Clint and Bucky waited with bated breath. JARVIS liked to induce suspense, it seemed. 

"Clinton Francis Barton," JARVIS announced. "Congratulations."

As Clint cheered and whooped around the range with unbridled joy, Bucky stared at the flashing score moodily. He lost by one point, dammit. Bucky blamed his loss on Clint's unexpected singing during the competition.

Clint had a surprisingly good voice. Bucky wondered what Clint would sound like when he was really singing for an audience. Or when he was... 

Okay, James Buchanan 'Bucky' Barnes, you can stop right there. Do not pass Go. Do not collect $200.

"So, Bucky," Clint suddenly sounded so close. That startled him more than the careless clap on Bucky's flesh shoulder. "Get changed and meet me at the living room in half an hour because you are so bringing me out to the mini golf course!"

Bucky narrowed his eyes. "I agreed to no such thing."

"What was that? I can't hear you!" Clint tightened his grip and leaned closer, grinning brightly. Bucky glared pointedly at Clint's obviously working hearing aids Laughing Clint released him and pushed him away. Bucky instantly mourned the loss of the closeness, though the warmth of Clint's hand still lingered on his shoulder. "30 minutes, Bucky!"

"I still want my flowers, Hawkeye!" Bucky yelled at Clint's departing figure.

The  only replied he got was Clint's echoing laughter. 

"Ass," Bucky grumbled underneath his breath. 

But what a fine ass he has, Bucky's stray of thought skittered past his brain, laughing at him. 

You shut up, Bucky snapped, and then when he realized he was arguing with himself, he quickly left the range.
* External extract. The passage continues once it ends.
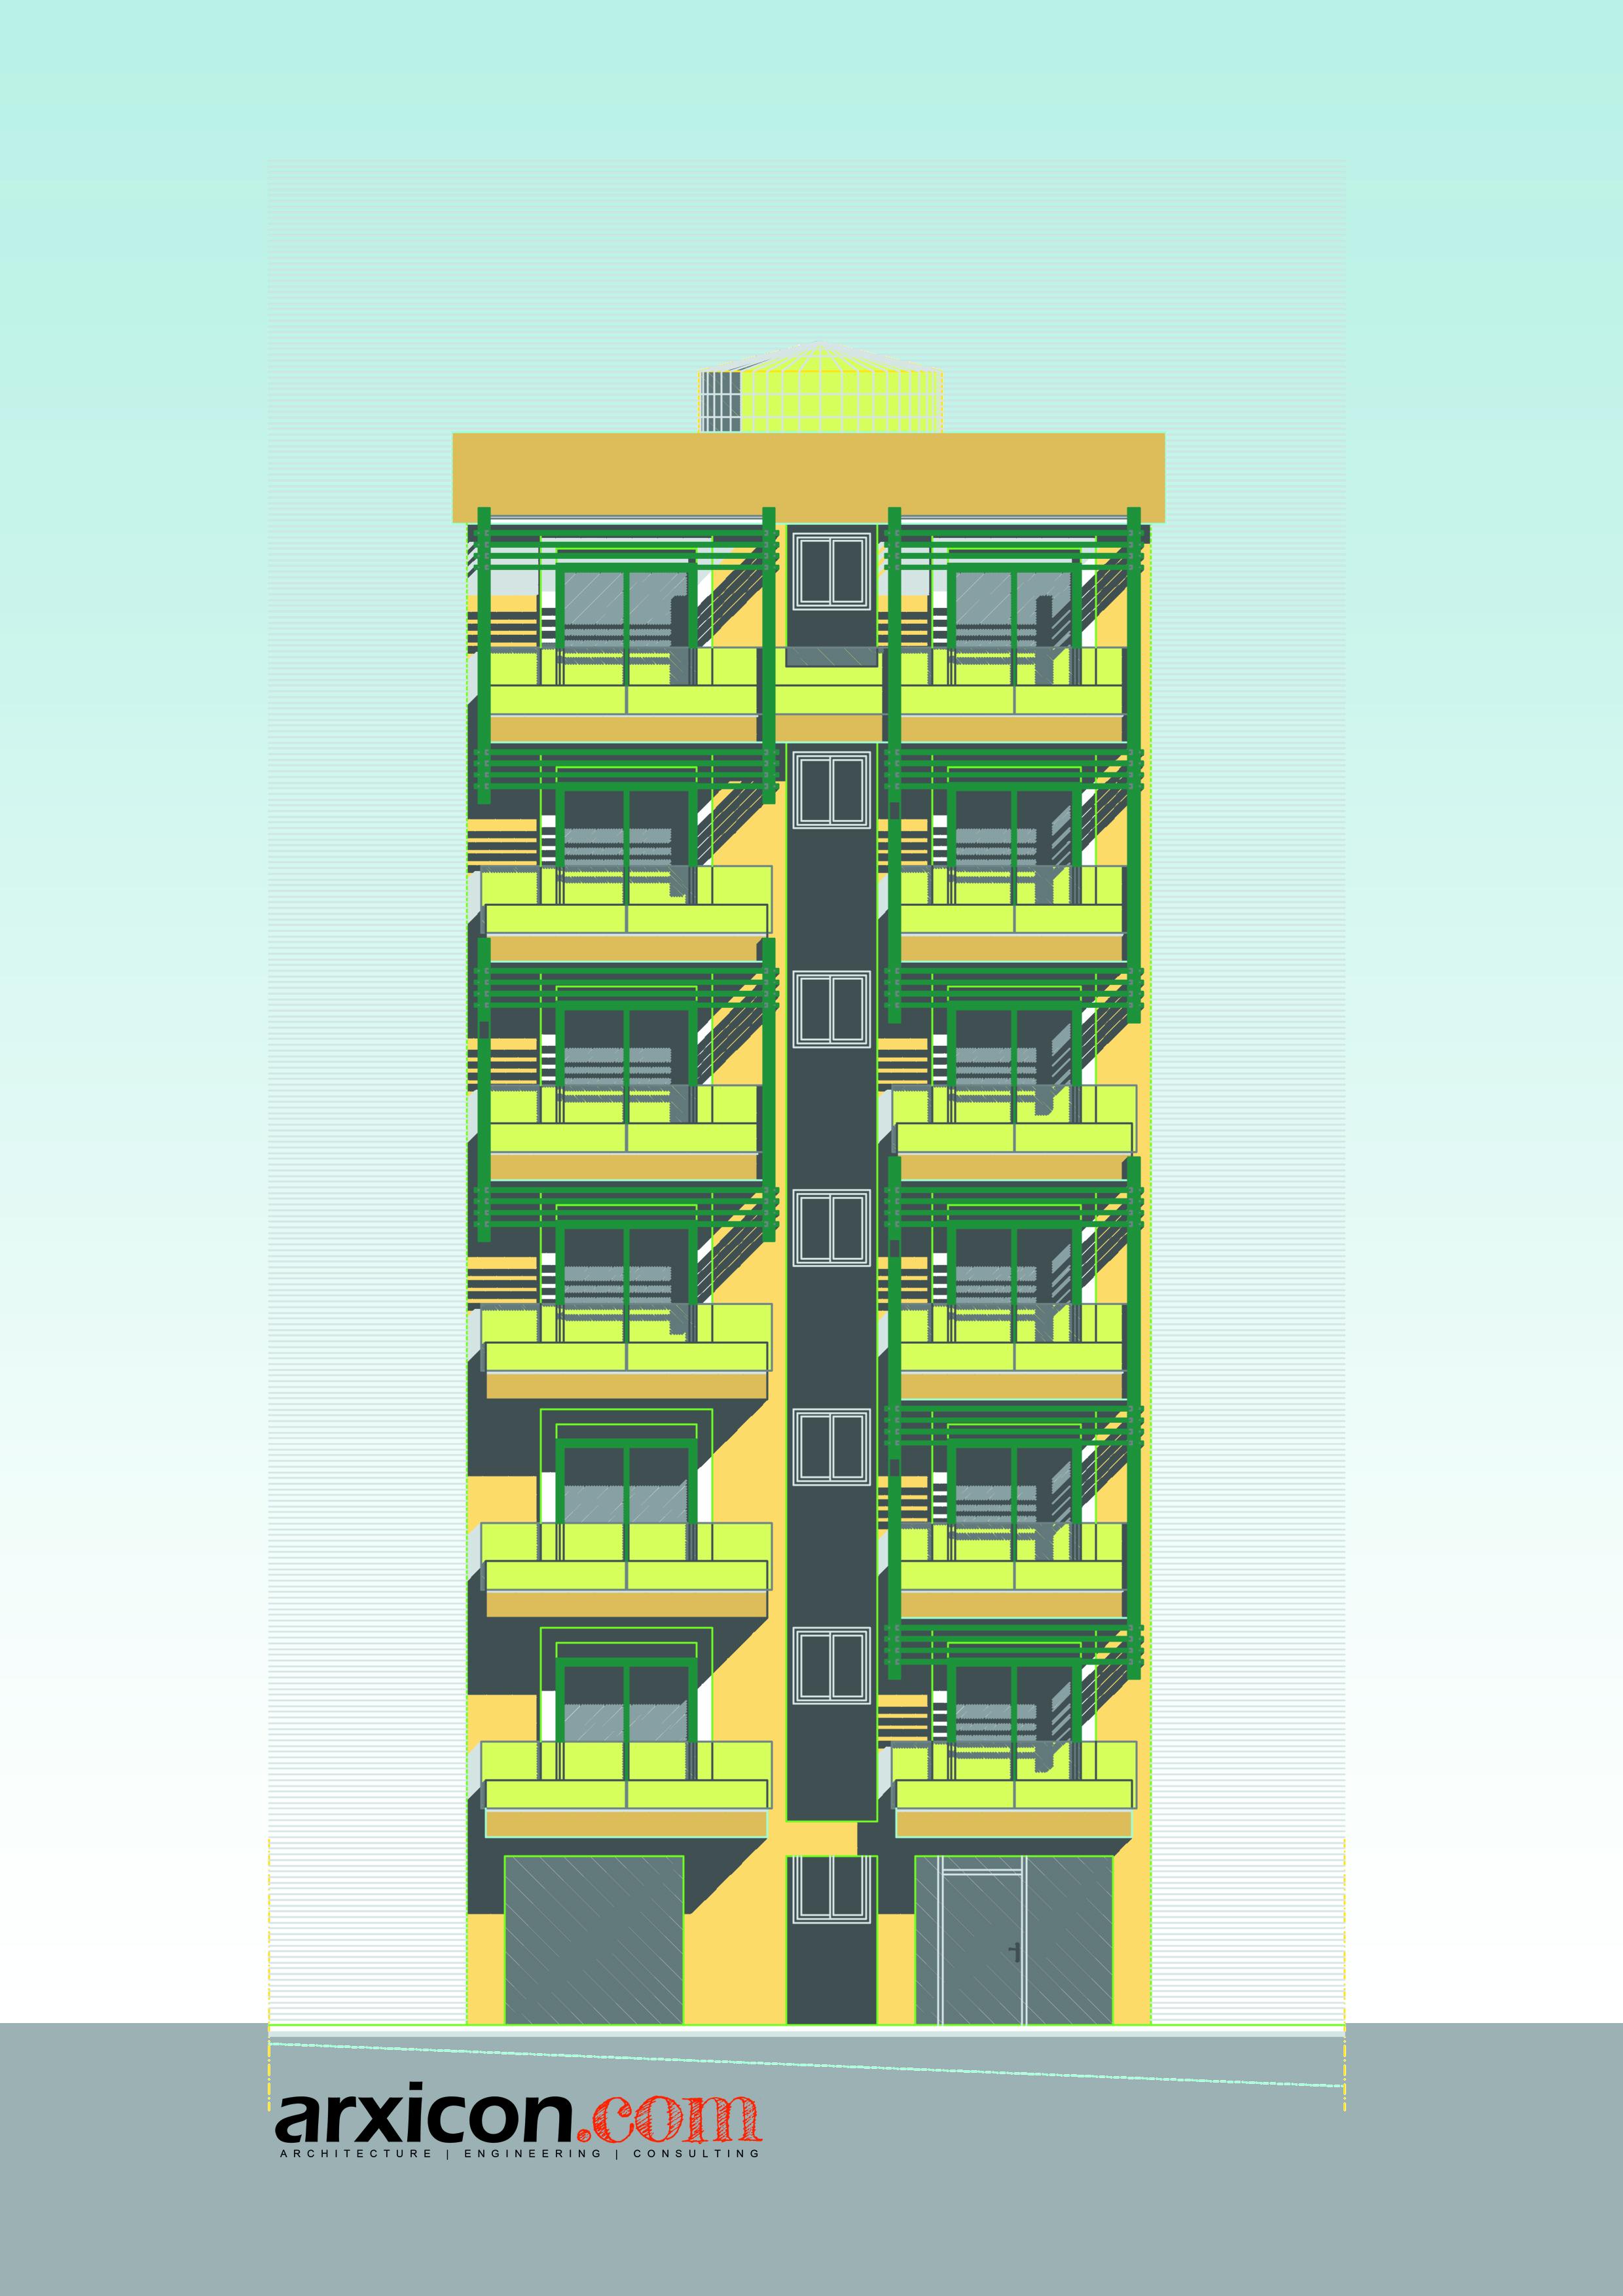 12 Apartments Building

"I'm supposed to be bringing Clint to a mini golf course!" Bucky announced to whoever who was listening to him that wasn't Clint. 

Apparently, Steve and Tony were there. 

"Supposed to?" Tony asked, at the same time with Steve's "Mini golf?"

Bucky snagged Steve's mug and took a hearty gulp of the wonderful, wonderful coffee before shooting Tony a dark look. "I lost to him, but it wasn't my fault, okay? Now tell me what the hell mini golf is!"

"It's like golf, but uh, mini?" Tony explained unhelpfully. "You know what's a golf, right?"

"Yeah, yeah," Bucky muttered, slumping onto the seat closest to Steve. "It's a rich people's game with plenty of free time."

"Hey!" Tony protested. "I don't have patience or time with golf, okay? I would rather blast the ball into the hole than swinging a stick at it."

Steve was still frowning. "It's a game of trajectory and angles, Bucky. It should be a piece of cake for you. Have you played golf before?"

"Do I look like I know how to play friggin' golf?" Bucky almost shouted. Was this Clint's ploy to embarrass him? No. Clint wasn't like that. Clint was... Clint was... 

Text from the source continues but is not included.